Yes, fundamentally it seems to come down to traffic volume.  When I get
over 128 connections all selecting and locking that one table, applying
the locks seems to struggle and the problem grows exponentially.  I'm an
extreme edge case, so not really a scenario that locking could ever have
been expected to handle but it's pretty good that it gets up to 128 at all.
> I think I'd experiment with splitting the job table up into N tables
> and feed jobs into all of them about evenly (by hashing, at random,
> whatever), and then I'd assign each consumer a "preferred" table where
> it looks for jobs first (perhaps my_worker_id % ntables), before
> trying the others in round robin order.  Then they won't trample on
> each other's toes so much.
I think this is a good idea, but (in my case) I think this is where it
will need v13 which is going to give that via "Allow ROW values to be
used as partitioning expressions" ? (e.g. will v13 permit queueid mod
200 as the partition expression to make 200 partitions to allow 200
[contention free] consumers?).
> In the past I've wondered about a hypothetical circular_seqscan
> option, which would cause table scans to start where they left off
> last time in each backend, so SELECT * FROM t LIMIT 1 repeated would
> show you a different row each time until you get all the way around to
> the start again (as we're entirely within our rights to do for a query
> with no ORDER BY).  That'd give the system a chance to vacuum and
> start refilling the start of the table before you get around to it
> again, instead of repeatedly having to step over the same useless
> pages every time you need a new job.
I like the sound of this; if I understand correctly, it would
essentially walk in insertion(-ish) order which would be OK for me.

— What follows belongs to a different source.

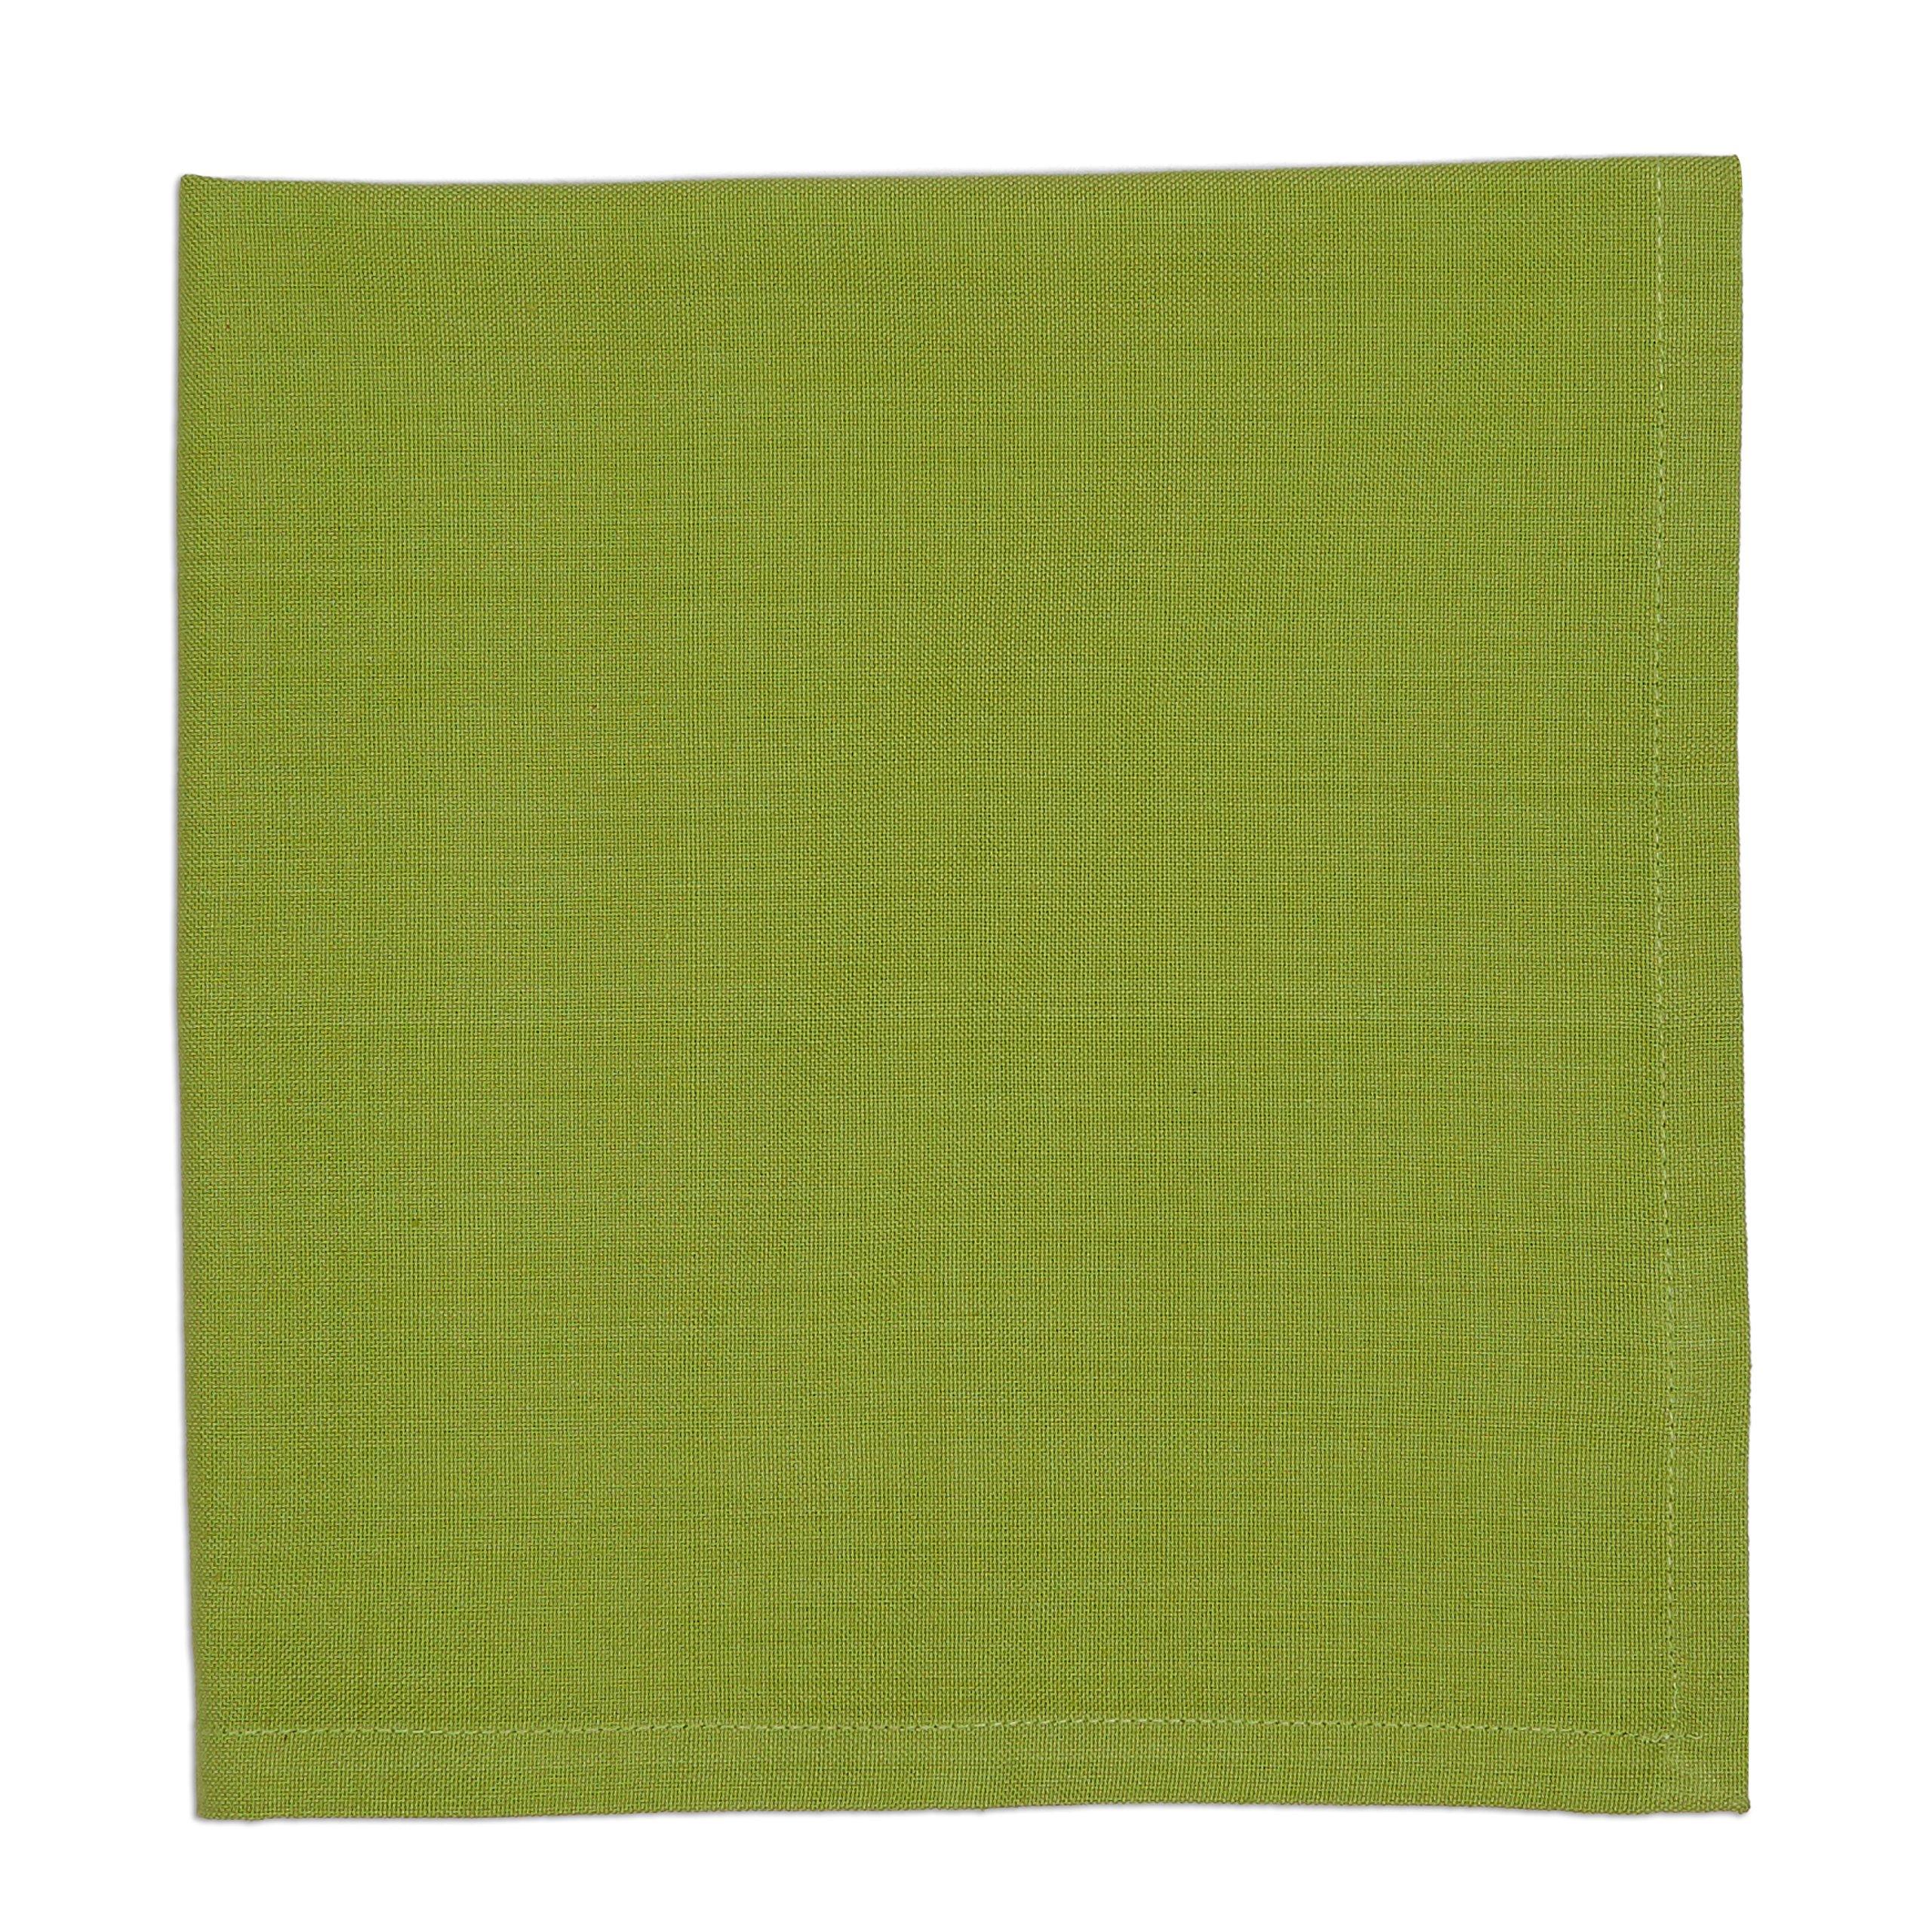 DII 100% Cotton, Oversized Basic Everyday 20x20 Napkin Set of 6, Pistachio by DII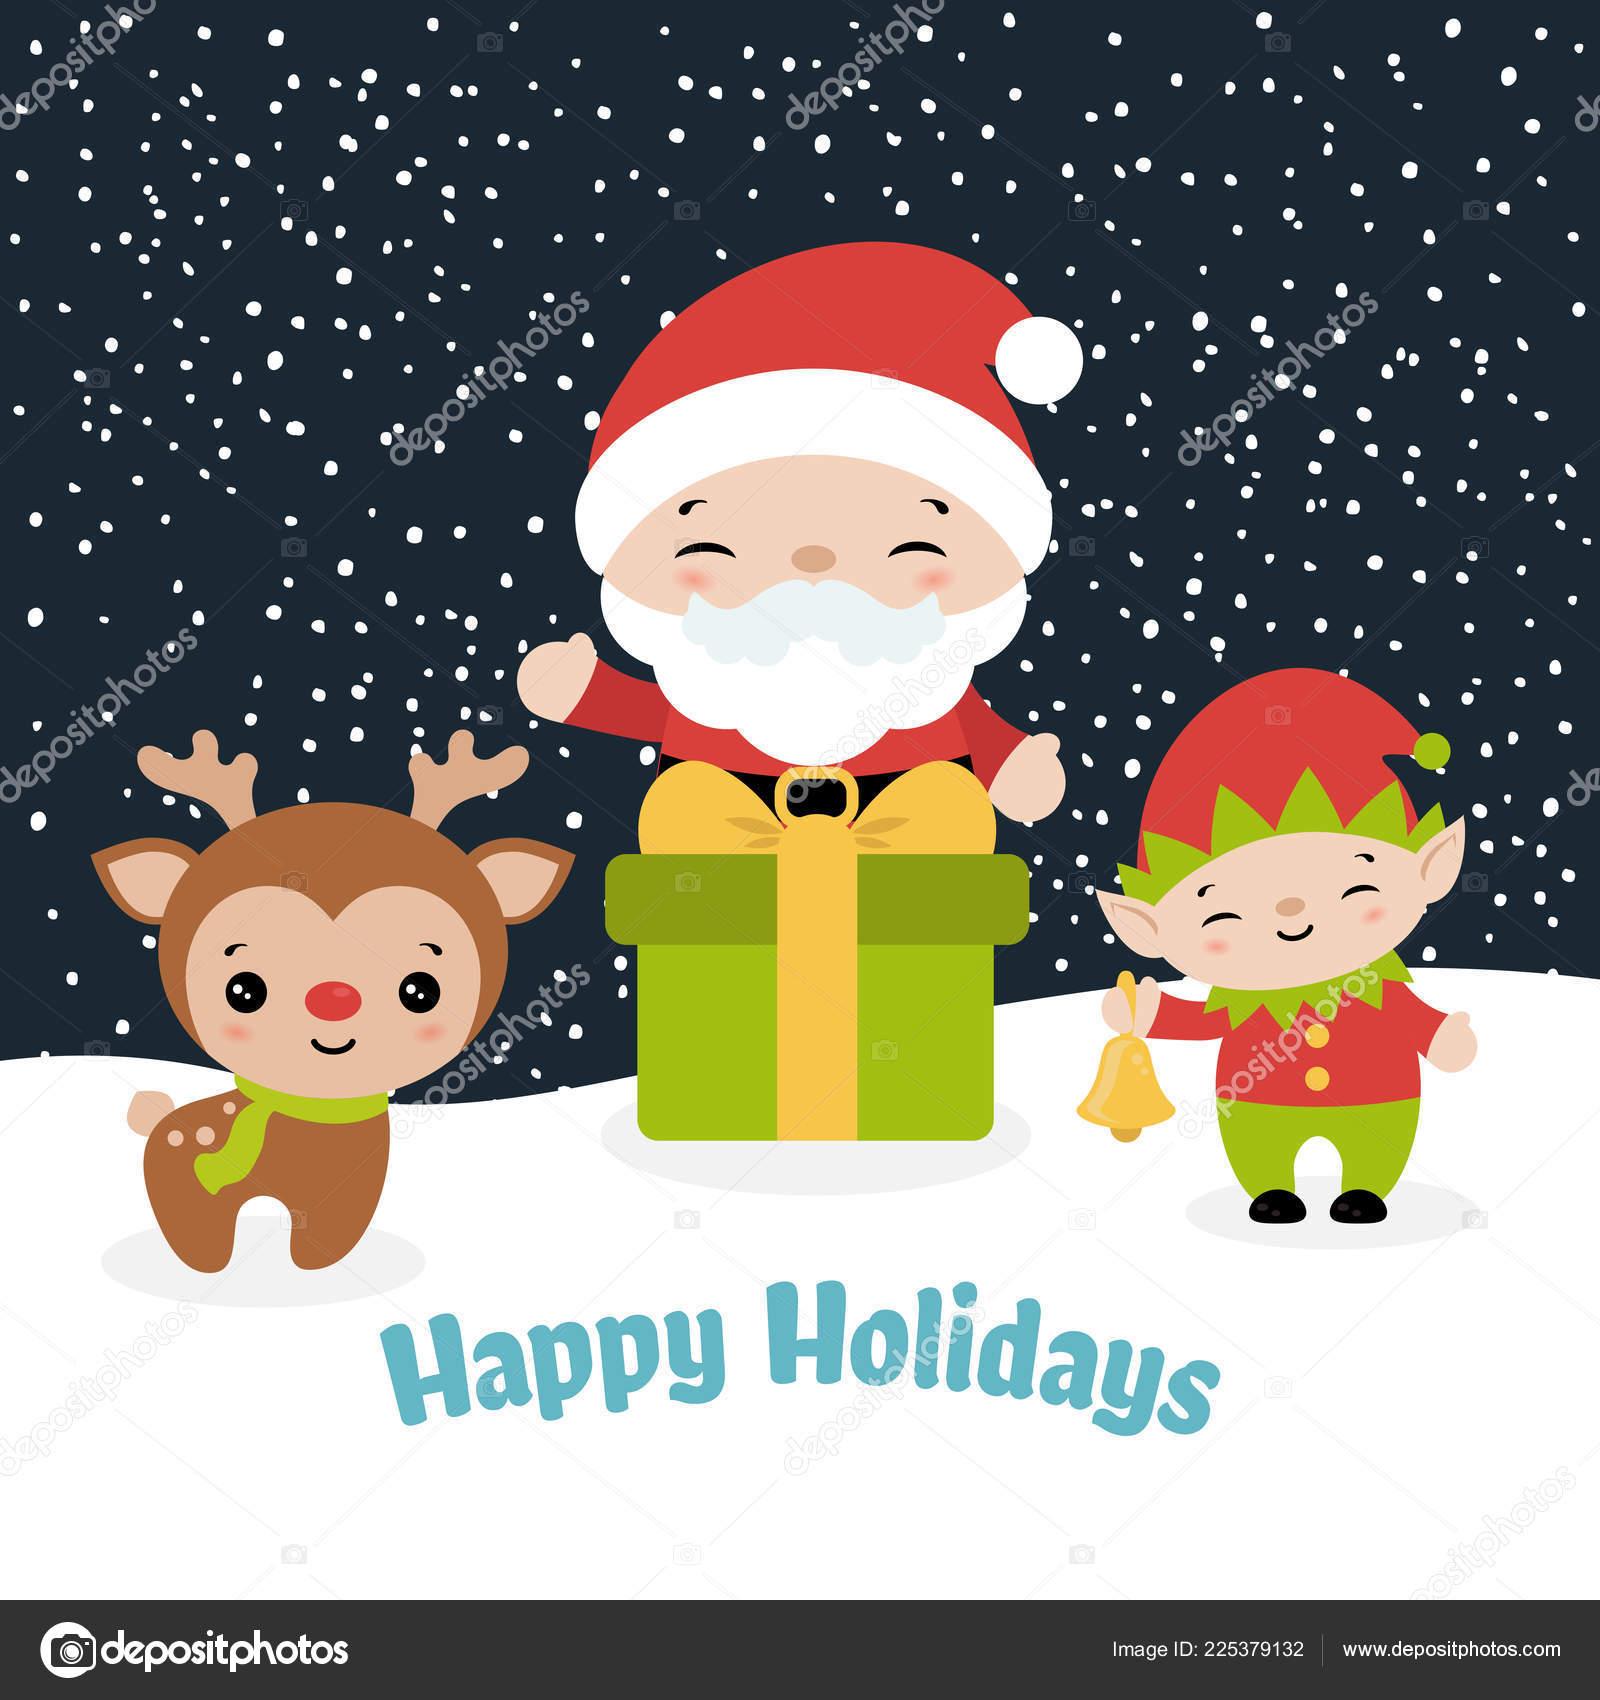 Merry Christmas Card Santa Claus Raindeer Elf Vector Illustration U2014 Stock  Vector

As
long as it was documented clearly; perhaps I should put a page online
about high traffic message queues with PostgreSQL for people to find
when they try the same thing.
>
> Hmm.  I guess another way to avoid colliding with others' work would
> be to try to use SELECT * FROM t TABLESAMPLE SYSTEM (10) WHERE ... FOR
> UPDATE SKIP LOCKED LIMIT ....  It's less cache-friendly, and less
> order-preserving, but way more contention-friendly.  That has another
> complication though; how do you pick 10?  And if it doesn't return any
> or enough rows, it doesn't mean there isn't enough, so you may need to
> be ready to fall back to the plain approach if having 250 rows is
> really important to you and TABLESAMPLE doesn't give you enough.  Or
> something.

For me, this is an acceptable compromise.  I just need to consume
something on each pass and up to 250 items but getting something less
than 250 would still allow progress and if it removed wait time, could
even be an overall greater throughput.  I may try this just to see how
it performs.

If someone has a strictly ordered queue, they will never really have
this issue as they must start at the beginning and go sequentially using
only 1 consumer.  Because I only need loose/approximate ordering and
throughput is the objective, all the locking and contention comes into play.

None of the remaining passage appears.